U.S. Army Spc. Sirena Sanchez guards a launcher at the Terminal High Altitude Area Defense missile site Excalibur in Dededo, Guam on Sept. 21, 2024.
Guam National Guard/The Guam Daily Post photo
HAGÅTÑA (The Guam Daily Post) — A new report by the U.S. Government Accountability Office indicates there are more challenges facing the proposed missile defense system for the island.
The report also includes never before publicly released information about the system’s deployment timeline.
The 42-page report was released May 22 to U.S. Rep. Mike Rogers, chair of the House Committee on Armed Services, and is titled “Missile Defense: DOD Faces Support Challenges for Defense of Guam.”
According to the report, as of August 2024, the Department of Defense had plans to distribute elements of an enhanced missile defense system known as the Guam Defense System, or GDS, across 16 sites on Guam.
The DOD plans to deploy the new GDS elements in phases, with the first deployment beginning in fiscal 2027 and the final GDS elements arriving by fiscal 2032, the report stated.
The Defense department will deploy this way to incrementally increase missile defense capability in Guam, according to the GAO.

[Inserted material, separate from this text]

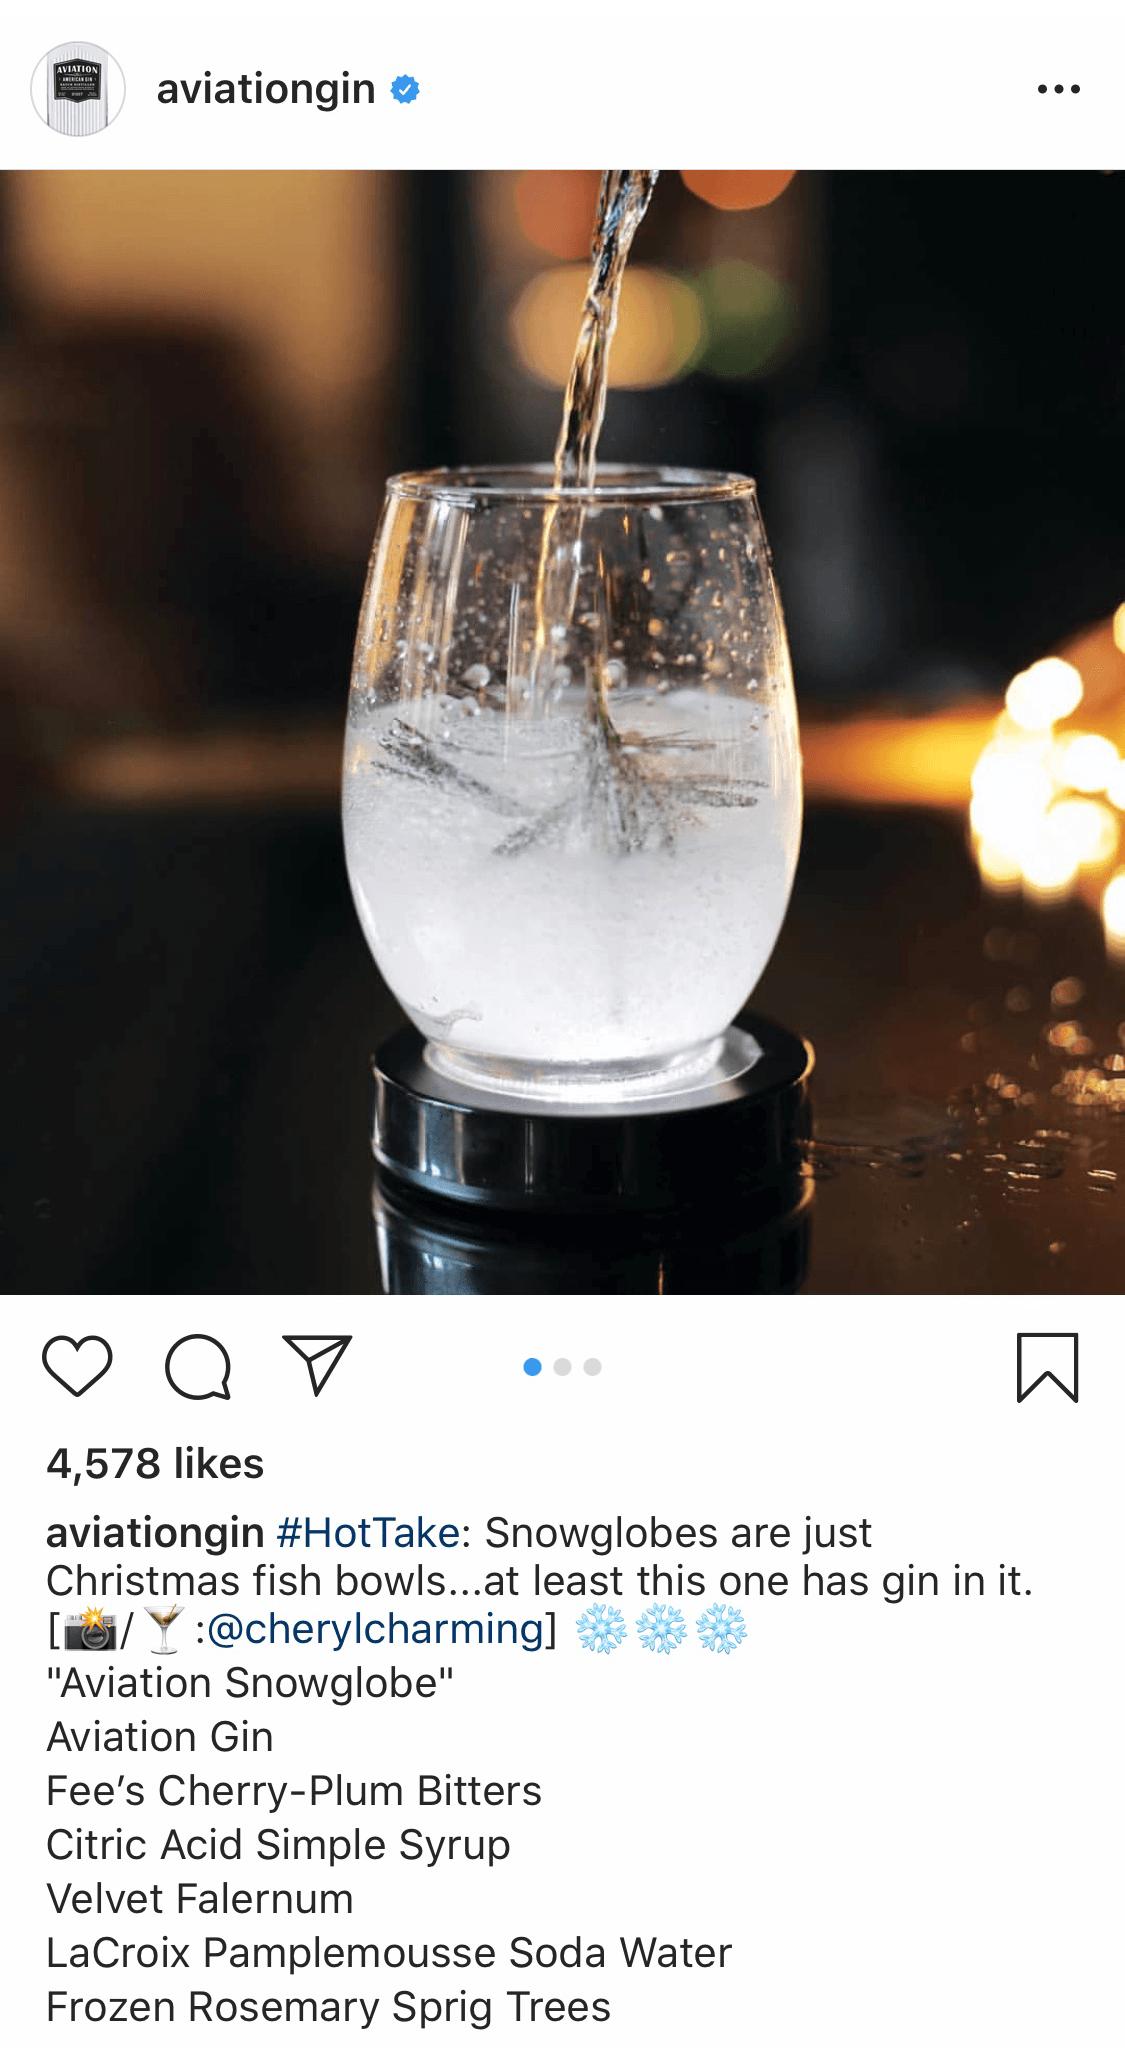 @aviationgin Instagram post

It also said that a map showing the proposed locations on Guam for these missile defense elements as of August 2024 was omitted because DOD classified the map as secret.
For the report to the House Armed Services Committee, the GAO said its purpose was twofold: to assess the extent to which DOD has developed an organizational structure for overseeing and sustaining the GDS, and plans for supporting future missile defense units in Guam.
The GAO said the Defense department designated the U.S. Army as the service acquisition executive for the system, and the undersecretary of the Navy as the lead senior defense official for Guam.
But the GAO also found that while DOD has established an organizational structure to oversee and sustain the GDS, “there are unresolved challenges that could hamper the success of DOD’s efforts.”
The GAO found that:
DOD lacks a strategy that outlines how and when responsibilities for operating and sustaining GDS elements will transfer to their lead organizations.
The Army does not have a long-term strategy for integrating with the other military services in Guam to coordinate Army construction and installation support needed to support GDS and personnel.
The GAO recommend that the secretary of Defense:
• Direct relevant military components to develop strategies with a timeline and a plan for transferring responsibilities to lead organizations,
• Integrate the Army with bases in Guam, and
• Determine personnel requirements and deployment schedules for GDS personnel.
Another recommendation was classified as “secret” and was not included in the unclassified release.
The GAO said DOD concurred with all four of its recommendations.